Bacteria Set Off Viral "Bombs" Inside Neighbors - The Scientist

Certain E. coli strains can engage in a form of bacterial warfare by producing colibactin, a chemical that can awaken long-dormant viruses inside neighboring cells' DNA, sometimes resulting in their destruction, according to a new study published February 23 in Nature. 

"It's an interesting strategy, and it's also a dangerous strategy," Heather Hendrickson, an evolutionary microbiologist at the University of Canterbury in Christchurch, New Zealand, who was not involved in the work, tells Science News.  

Throughout a bacterium's life, bacteriophages—viruses that infect bacteria—insert their DNA into its genome. Typically, these embedded viruses, known as prophages, are harmless and lie dormant unless something triggers their escape. The study reports that E. coli can release colibactin, which damages neighbors' DNA, triggering the bacteria's DNA repair system, known as an SOS response. This releases prophage DNA from the bacteria's genome, causing the virus to regain its virulence. Once these viruses are released from the bacterial genomes, they replicate and burst out of the host microbe, destroying it. They can also begin to infect other, neighboring bacteria—including the bacteria that released the colibactin. 

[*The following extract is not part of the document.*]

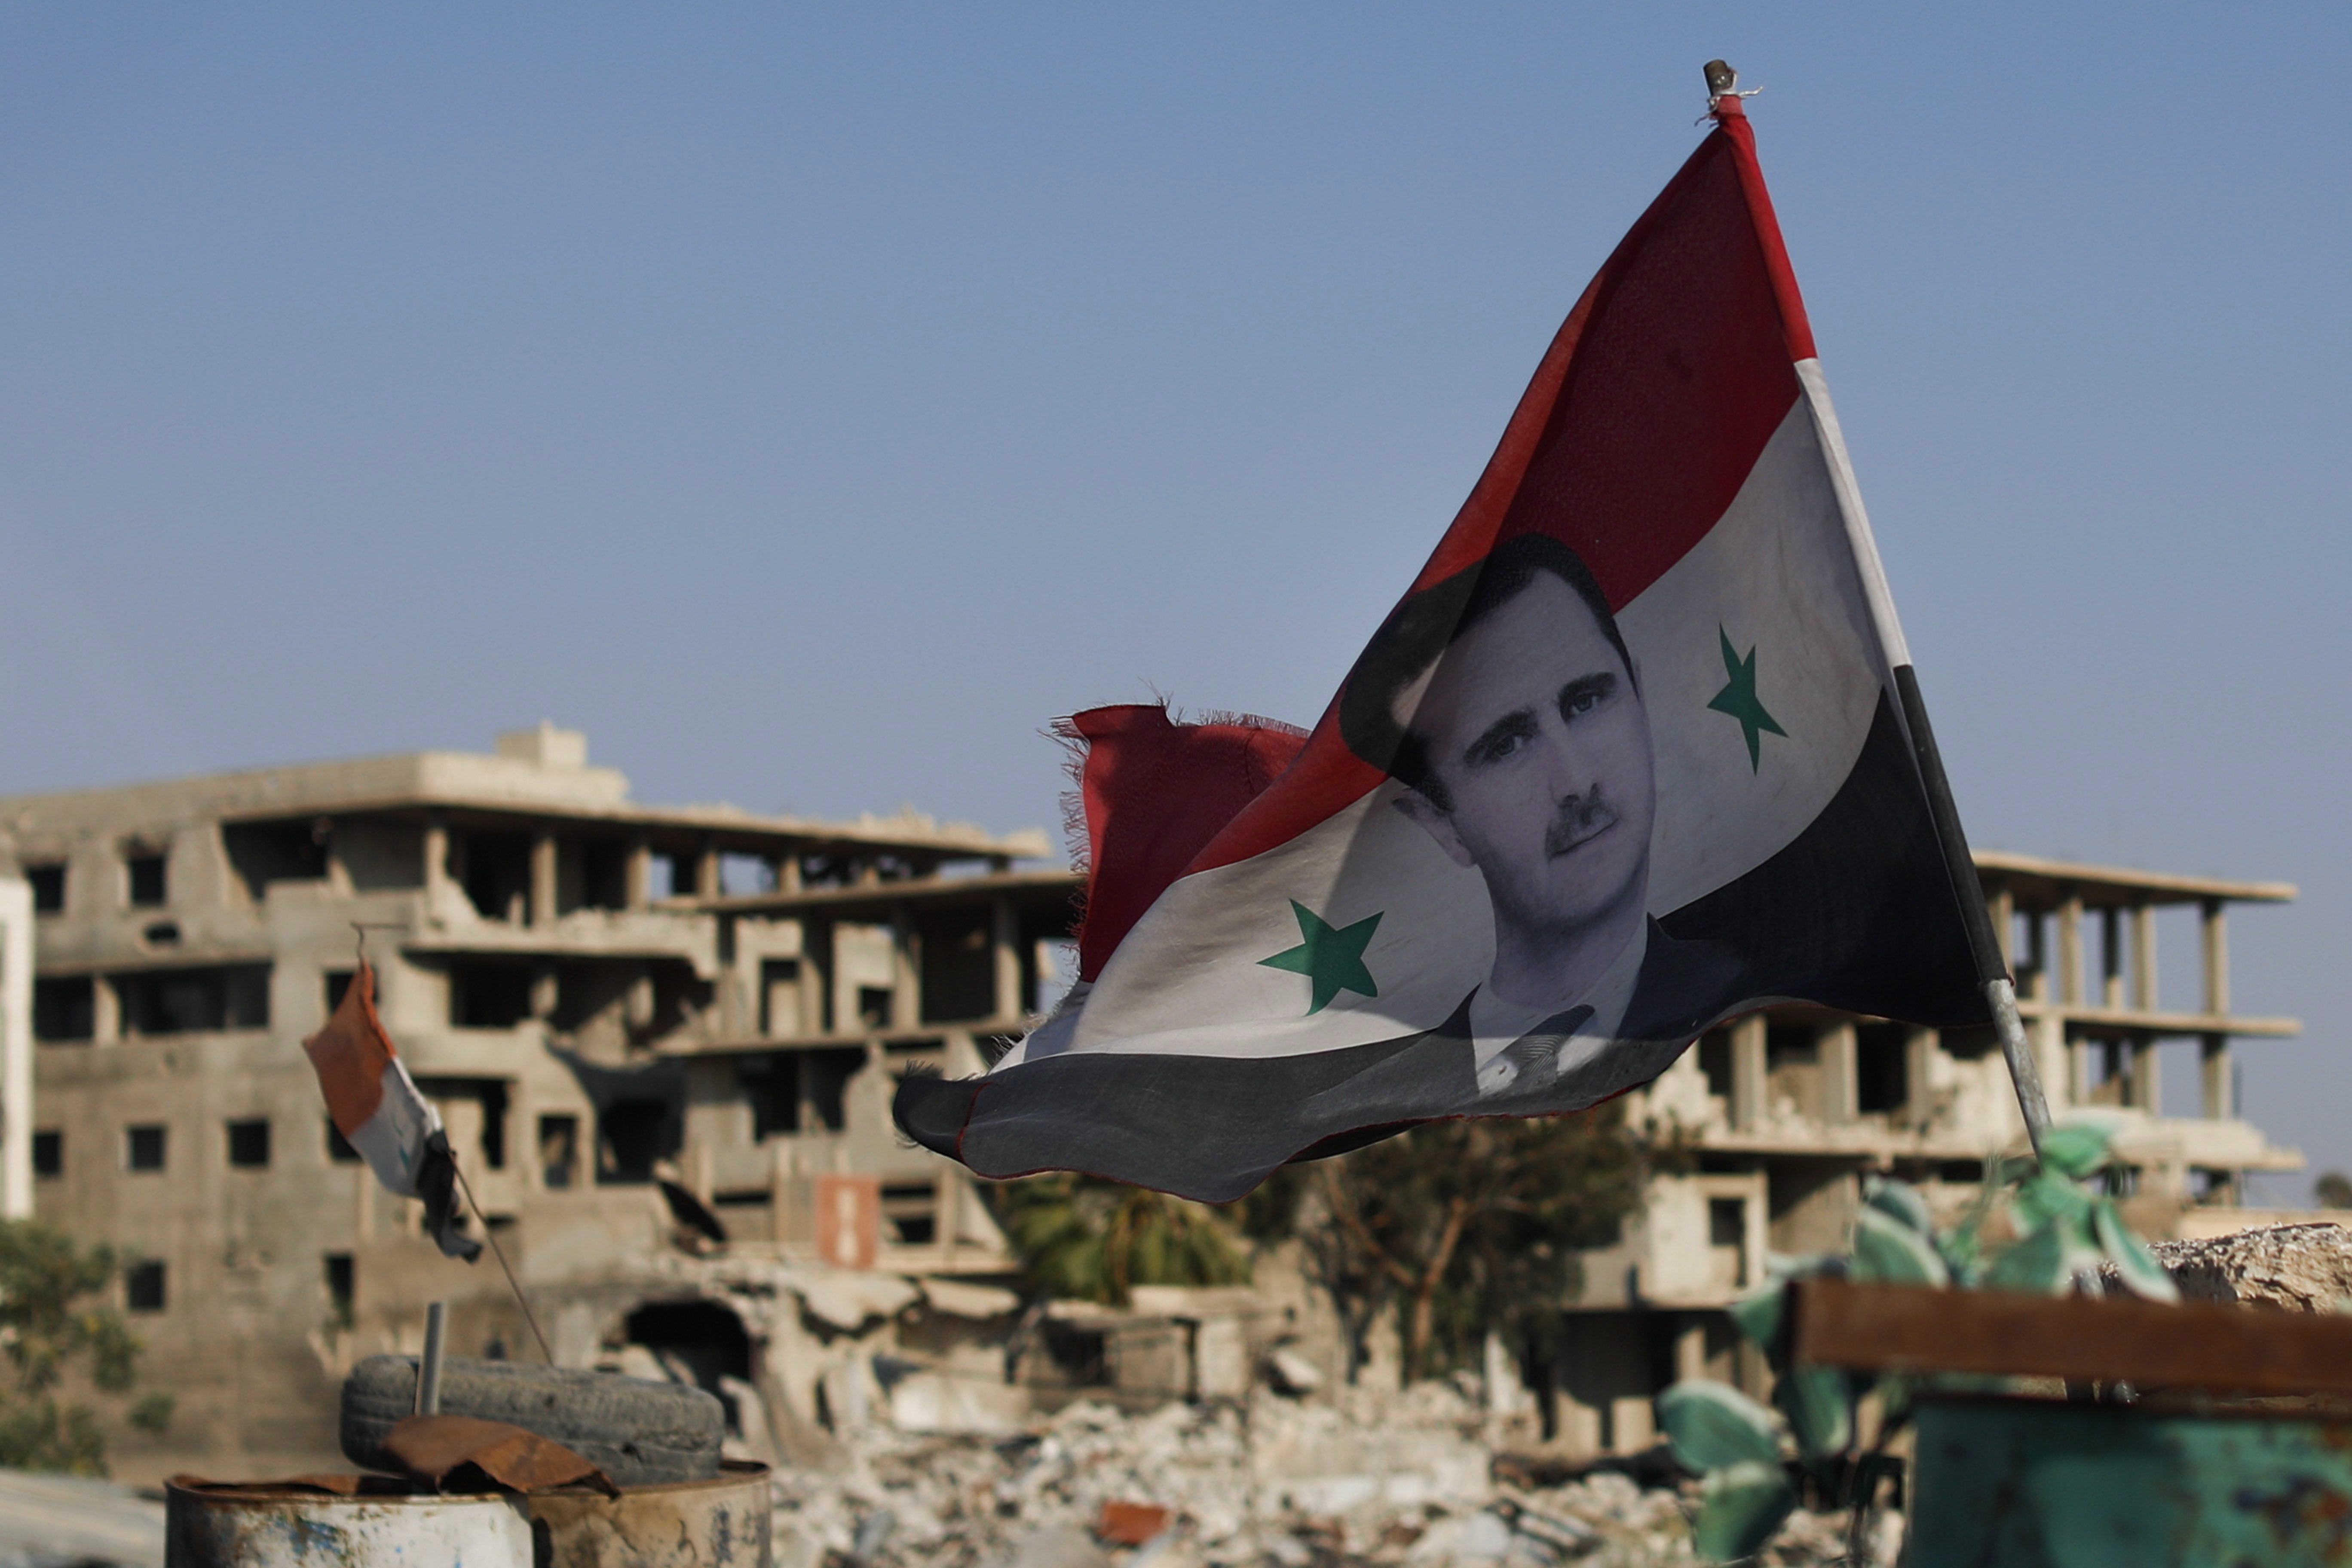 За сирию и башара. Башар Асад флаг Сирии. Дворец Башара Асада в Дамаске. Башар Асад и курды. Армия Башара Асада.

See "Are Phages Overlooked Mediators of Health and Disease?"

Colibactin can damage DNA in mammalian cells. In humans, studies suggest that this damage can lead to colon cancer. The new study suggests that the colibactin may be a weapon bacteria use against other bacteria—not human hosts. 

Colibactin isn't usually lethal to bacteria. Although it caused DNA damage in most bacteria, the study's authors report that the majority were able to repair the damage. According to Science News, this may be because colibactin is unstable and quickly degrades before it can do irreparable harm. The researchers also found that some bacteria make chemicals that can inhibit colibactin.  

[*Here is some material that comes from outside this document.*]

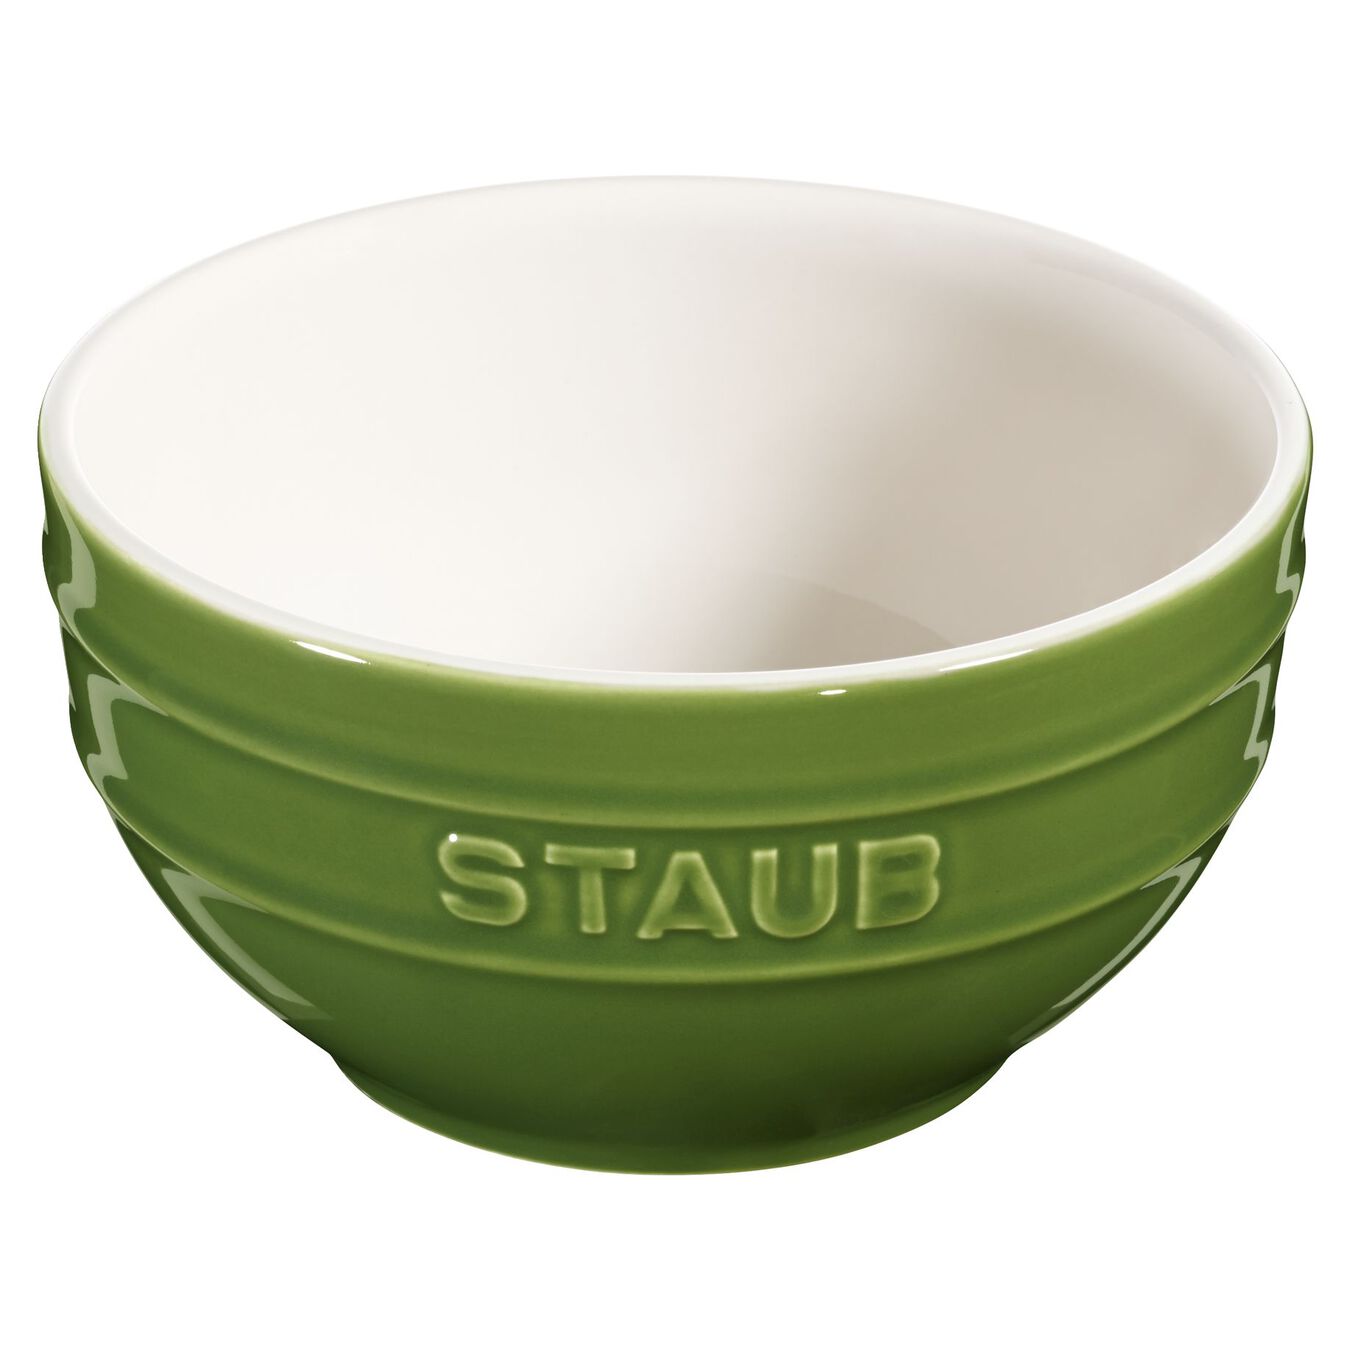 14 cm round Ceramic Bowl basil-green,,large 2

Colibactin's quick decay "suggests this is a very short-range communication," Michael Dougherty, a microbiome researcher at the University of Florida in Gainesville who was not involved in the study, tells Science News. "Maybe it could have an effect when bacteria are forming biofilms where you have trillions of bacteria stacked on top of each other. 

Because colibactin is so ephemeral, it's hard to study. That's why Emily Balskus, a microbiologist at Howard Hughes Medical Institute, and her team used an indirect approach to study the compound, first examining its structure and determining that it likely forms bonds with, and then breaks, DNA's double helix. Then, as the researchers were studying bacteria infected with prophages, they discovered that coculturing colibactin-producing bacteria with virus-infected bacteria caused a viral spike. They saw the same phenomenon with bacteria infected with multiple types of latent viruses. They also saw that coculturing colibactin-producing bacteria with virus-infected bacteria led to a decrease in the numbers of virus-containing bacteria. 

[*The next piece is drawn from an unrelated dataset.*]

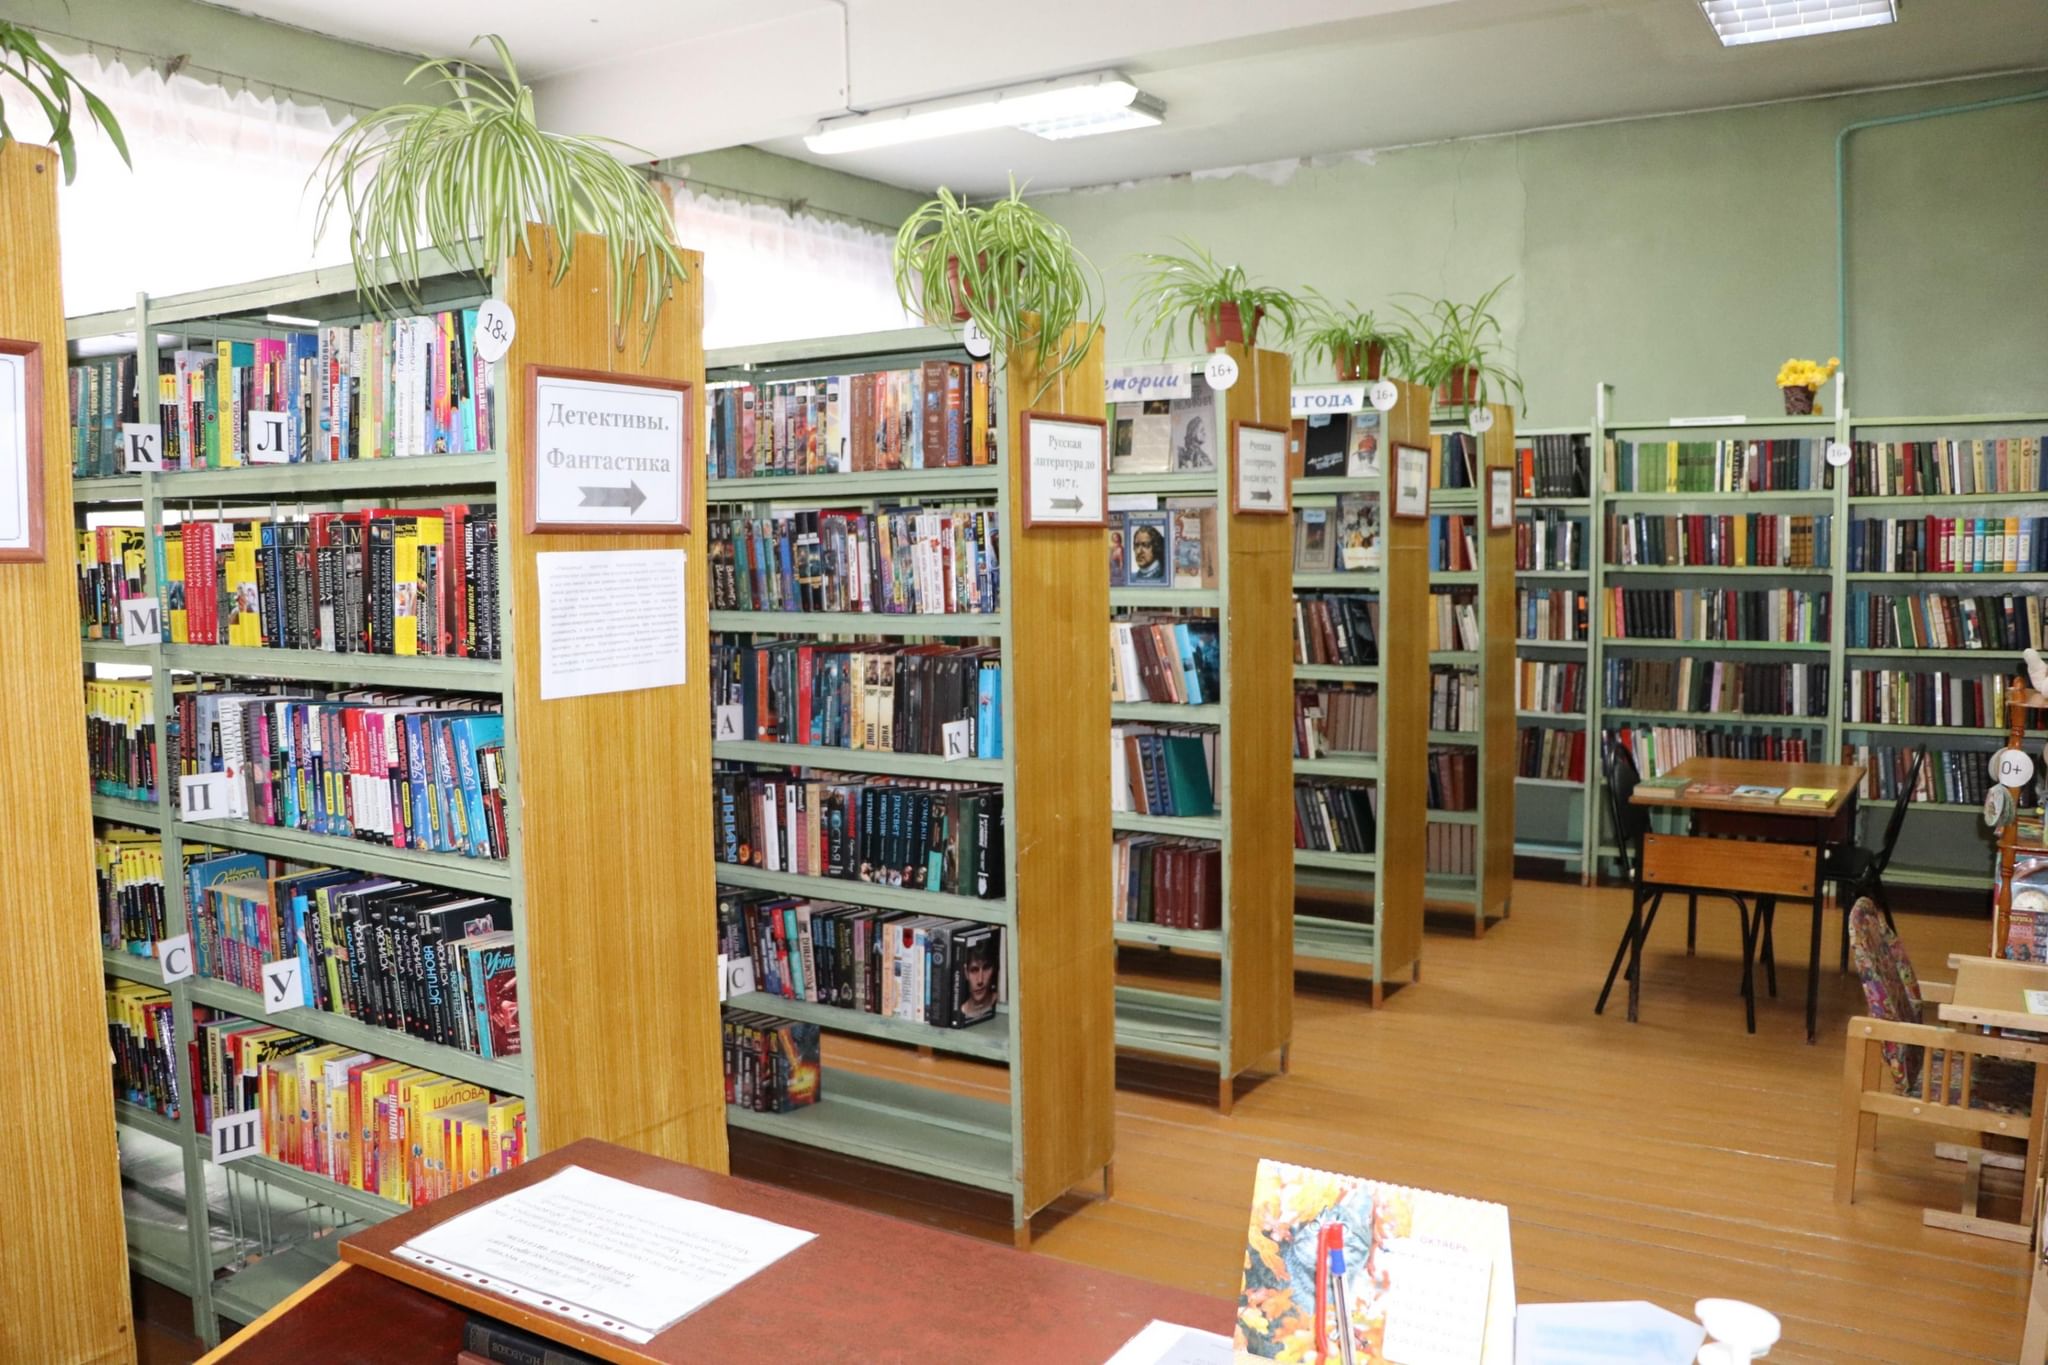 Тульская библиотека. Библиотека на Тульской в Тюмени. Выставки в библиотеке Тульская область. Тульские библиотеки сайт

Colibactin may not be acting alone. The team found that the chemical by itself could not reactivate prophages. The researchers were only able to see this effect by combining all of the chemicals the colibactin-producing bacteria produced and delivering them to other bacteria. 

The researchers don't yet know whether colibactin can trigger prophages when bacteria are in their natural habitats, such as human and other animal intestines. And perhaps awakening the viruses is an accident, Balskus tells Science News. She says she and her colleagues are continuing to work toward finding out whether that's the case.